— DATA —
═══

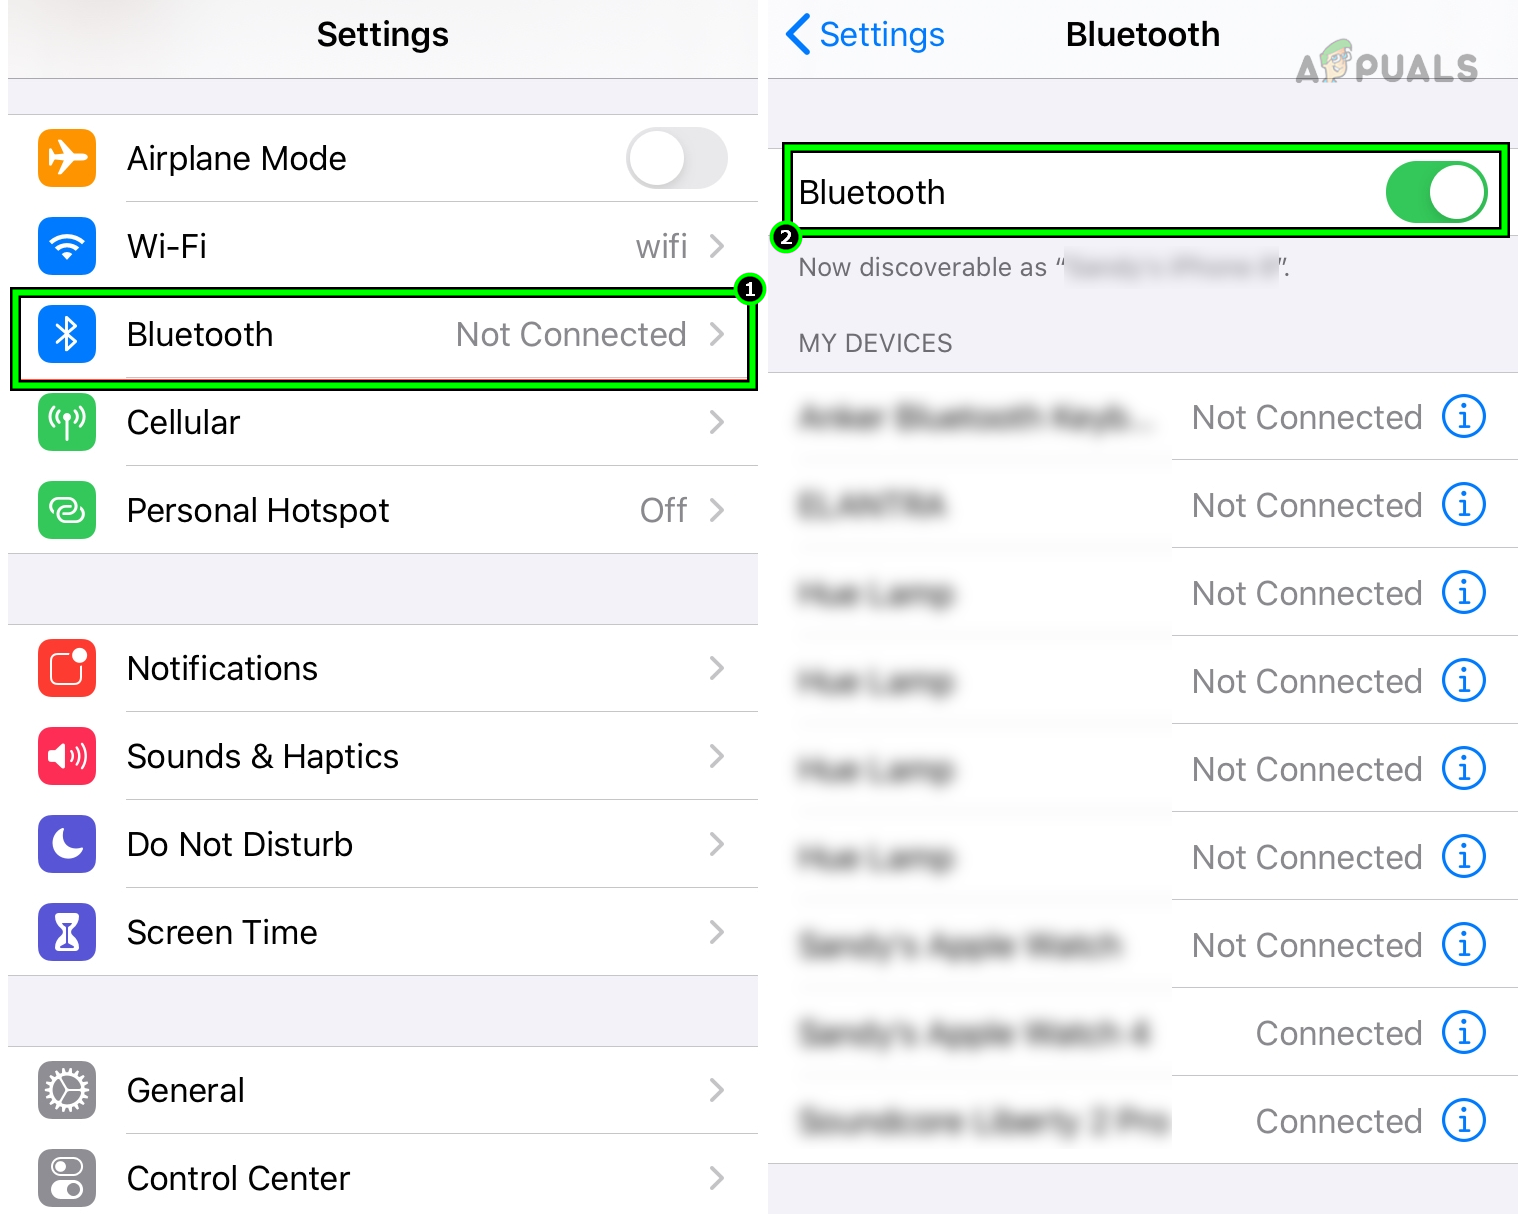 Disable Bluetooth in the iPhone Settings
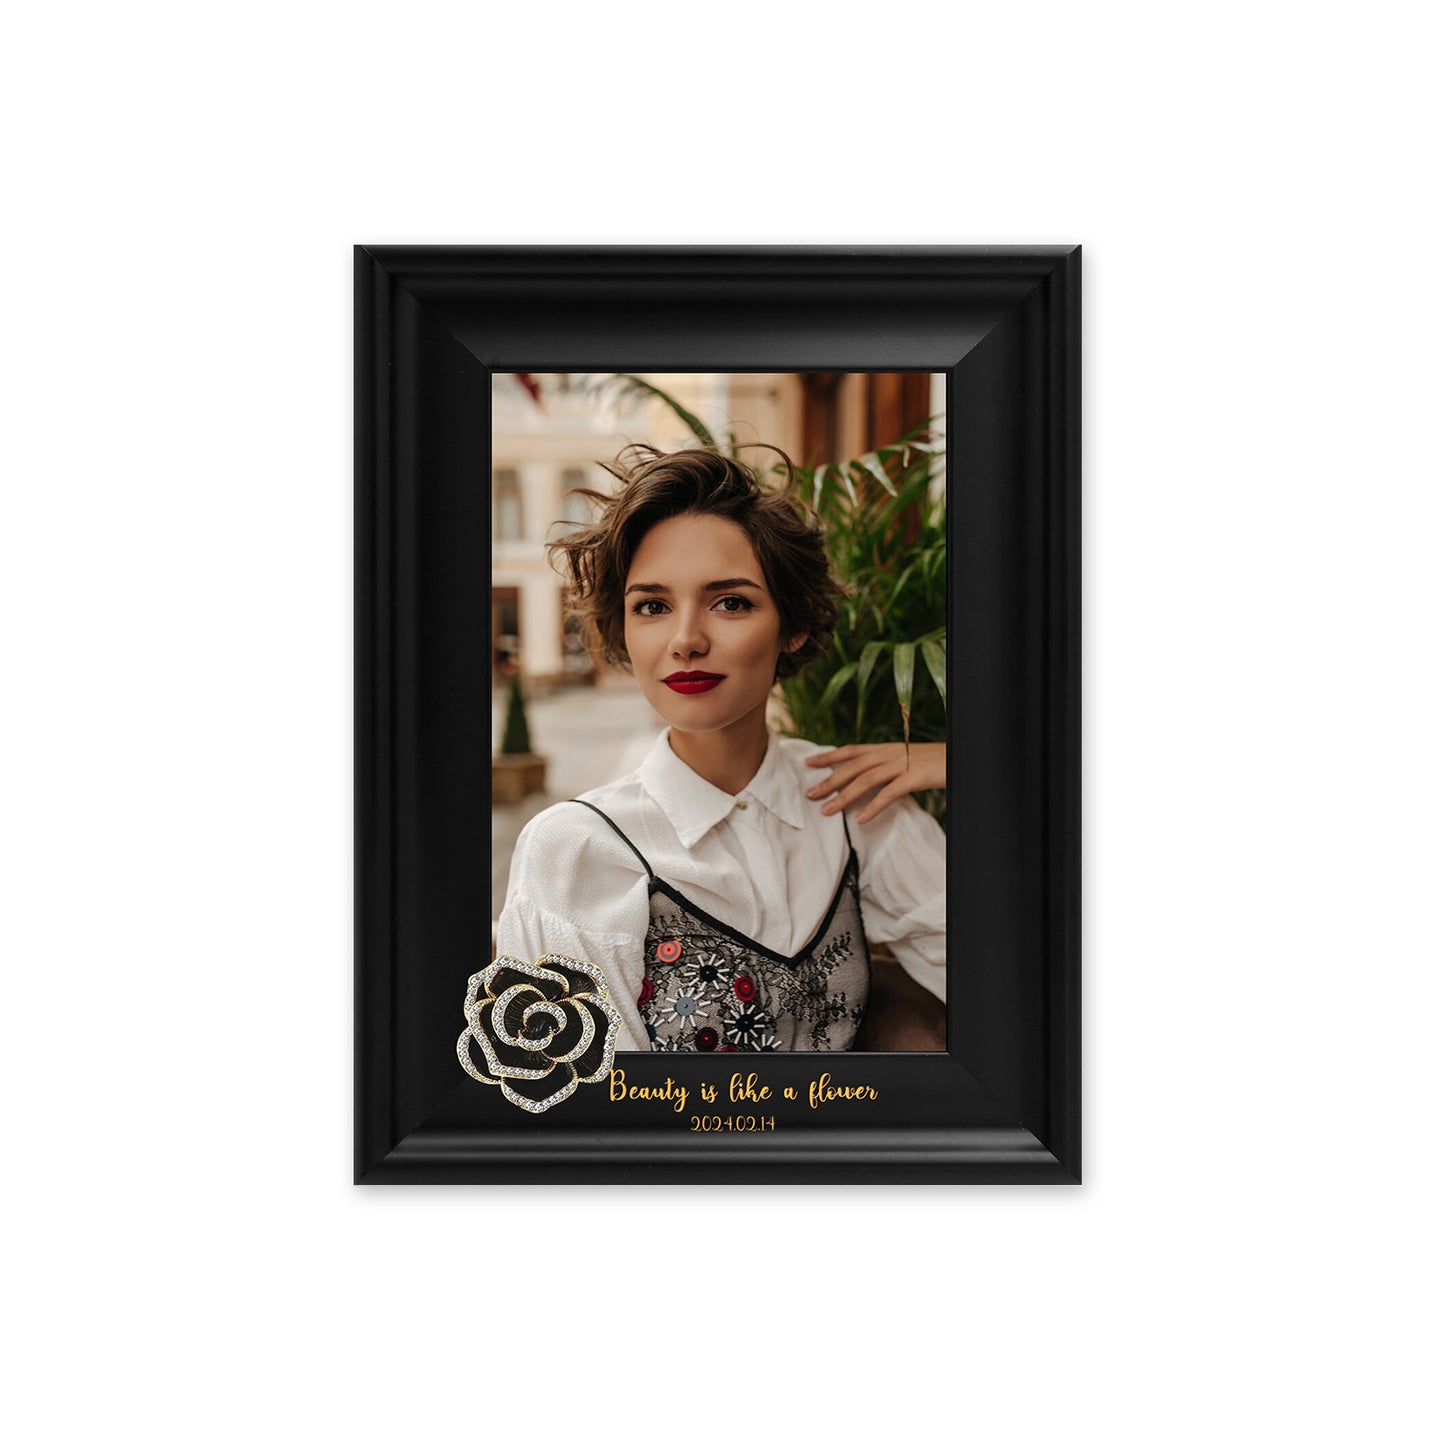 Dotride Custom Picture Frame, Wood Photo Frame with Custom Wooden Carving, Can be engraved with any text you want, suitable for Suitable for Various Themes, Black Flower
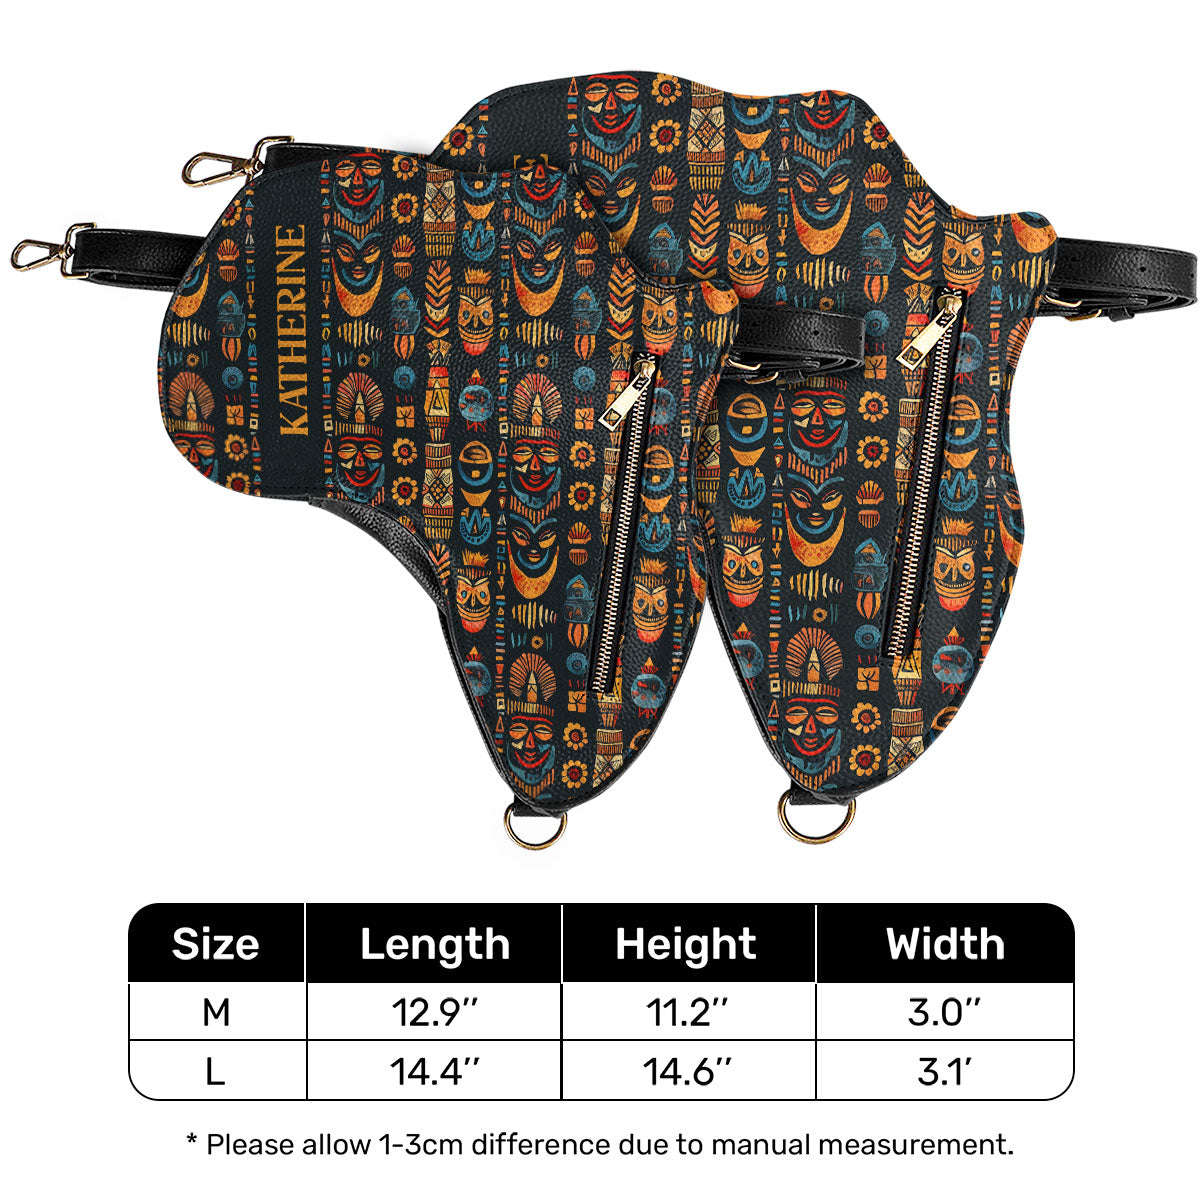 Africa Map 02 - Personalized Africa Bag SBT15

═══

— THE TASK —
Leave the pictures out and set down the rest of the listing above exactly.

— ANSWER BELOW —
 Disable Bluetooth in the iPhone Settings
 Dotride Custom Picture Frame, Wood Photo Frame with Custom Wooden Carving, Can be engraved with any text you want, suitable for Suitable for Various Themes, Black Flower
 Africa Map 02 - Personalized Africa Bag SBT15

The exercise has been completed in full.